Two other articles grabbed my attention on the internets:
Rank related properties, for Basis Pursuit and total variation regularization by Francois Malgouyres. The abstract reads:
This paper focuses on optimization problems containing an $l^1$ kind of regularity criterion and a smooth data fidelity term. A general theorem is adapted to this context. It gives an estimate of the distribution law of the "rank" of the solution to the optimization problems, when the initial datum follows a uniform (in a convex compact set) distribution law. It says that asymptotically, solution with a large rank are more and more likely. The main goal of this paper is to understand the meaning of this notion of rank for some energies which are commonly used in image processing. We study in details the energy whose level sets are defined as the convex hull of finite subset of R^N (think Basis Pursuit) and the total variation. For these energies, the notion of rank respectively relates to sparse representation and staircasing.

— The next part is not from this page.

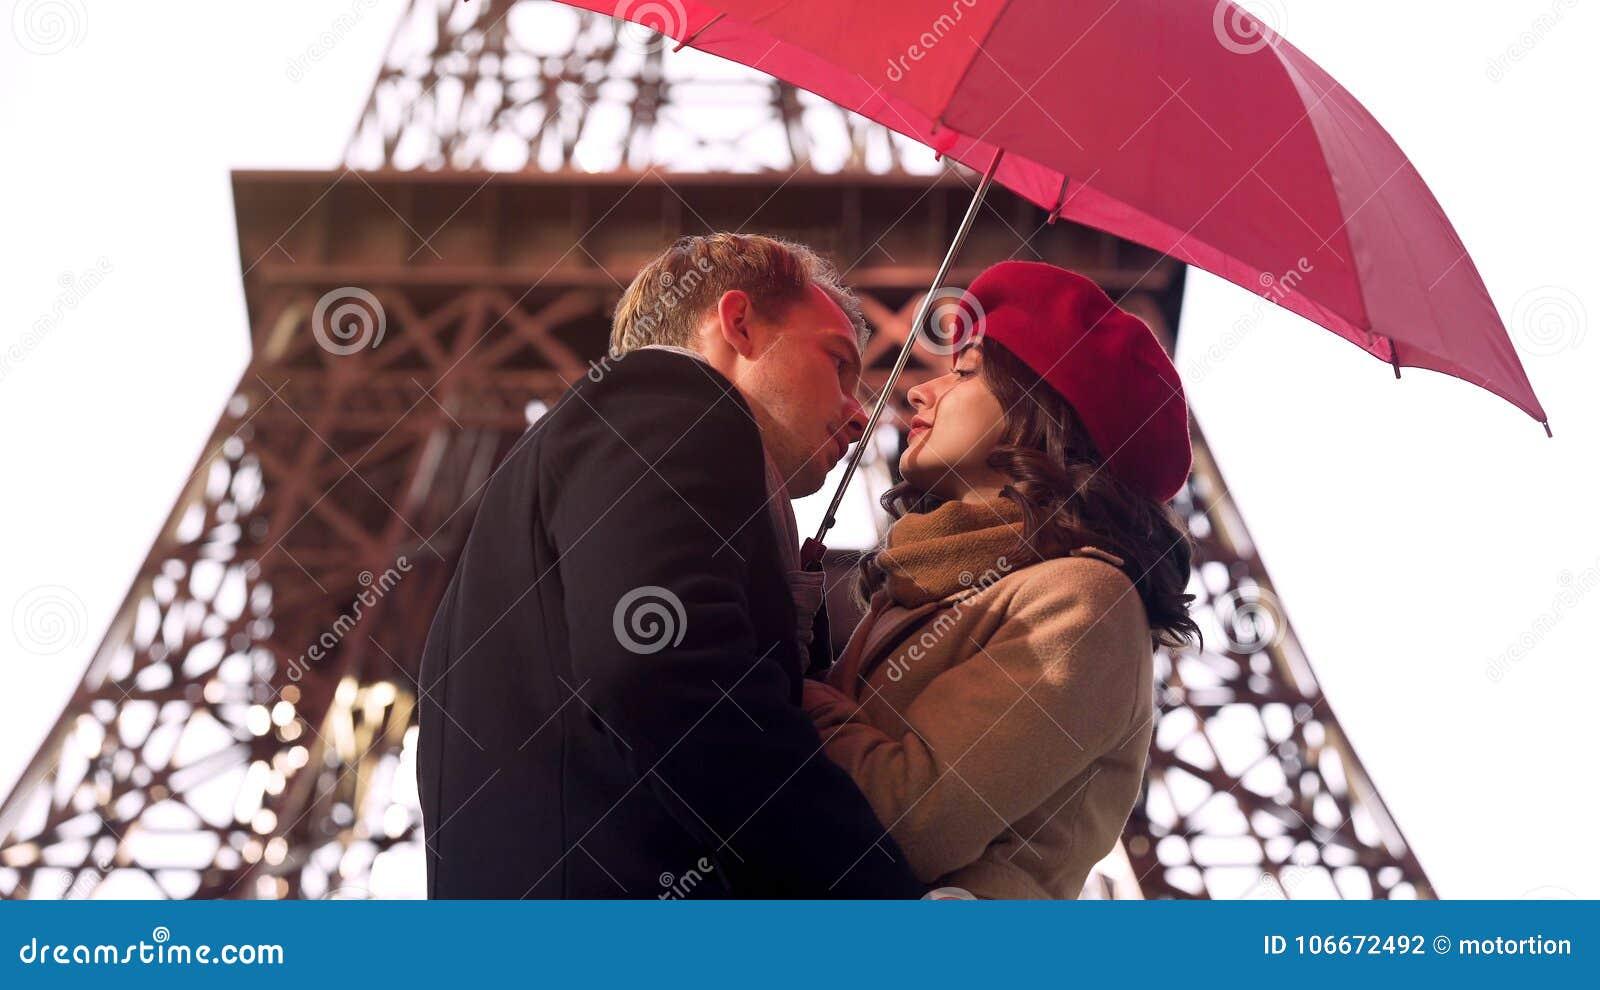 romantische dating Fotos Lee Min Ho dating lijst

It seems interesting but I am not sure how it directly or indirectly impacts Compressed Sensing. Some of his more recent submissions also seem to be relevant to CS as well with the same caveat.
The second article that grabbed my interest is Treelets - An Adaptive Multi-Scale Basis for Sparse Unordered Data by Ann Lee, Boaz Nadler and Larry Wasserman. The abstract reads:
In many modern applications, including analysis of gene expression and text documents, the
data are noisy, high-dimensional, and unordered — with no particular meaning to the given order
of the variables. Yet, successful learning is often possible due to sparsity: the fact that the data are typically redundant with underlying structures that can be represented by only a few features. In this paper, we present treelets—a novel construction of multi-scale bases that extends wavelets to non-smooth signals. The method is fully adaptive, as it returns a hierarchical tree and an orthonormal basis which both reflect the internal structure of the data. Treelets are especially well-suited as a dimensionality reduction and feature selection tool prior to regression and classification, in situations where sample sizes are small and the data are sparse with unknown groupings of correlated or collinear variables. The method is also simple to implement and analyze theoretically. Here we describe a variety of situations where treelets perform better than principal component analysis as well as some common variable selection and cluster averaging schemes. We illustrate treelets on a blocked covariance model and on several data sets (hyperspectral image data, DNA microarray data, and internet advertisements) with highly complex dependencies between variables.
I can't wait to see the code that implements that algorithm. To understand better why this is relevant to previous entries, the figure above is Figure 6

Fig. 6 shows an example of how treelets can learn the covariance structure for colon cell nuclei (Tissuetype 3). The method learns both the tree structure and a basis through a series of Jacobi rotations (see top right panel). By construction, the basis vectors are localized and supported on nested clusters in the tree (see the bottom left and top left panels). As a comparison, we have also computed the PCA eigenvectors. The latter vectors are global and involve all the original variables (see bottom right panel).
In other words, this is another technique building an orthonormal basis for a specific dataset.

Finally, I am going to add the Talks on Compressed Sensing at Institut Poincare in Paris as pointed out by Gabriel Peyre. Some of them will be in English.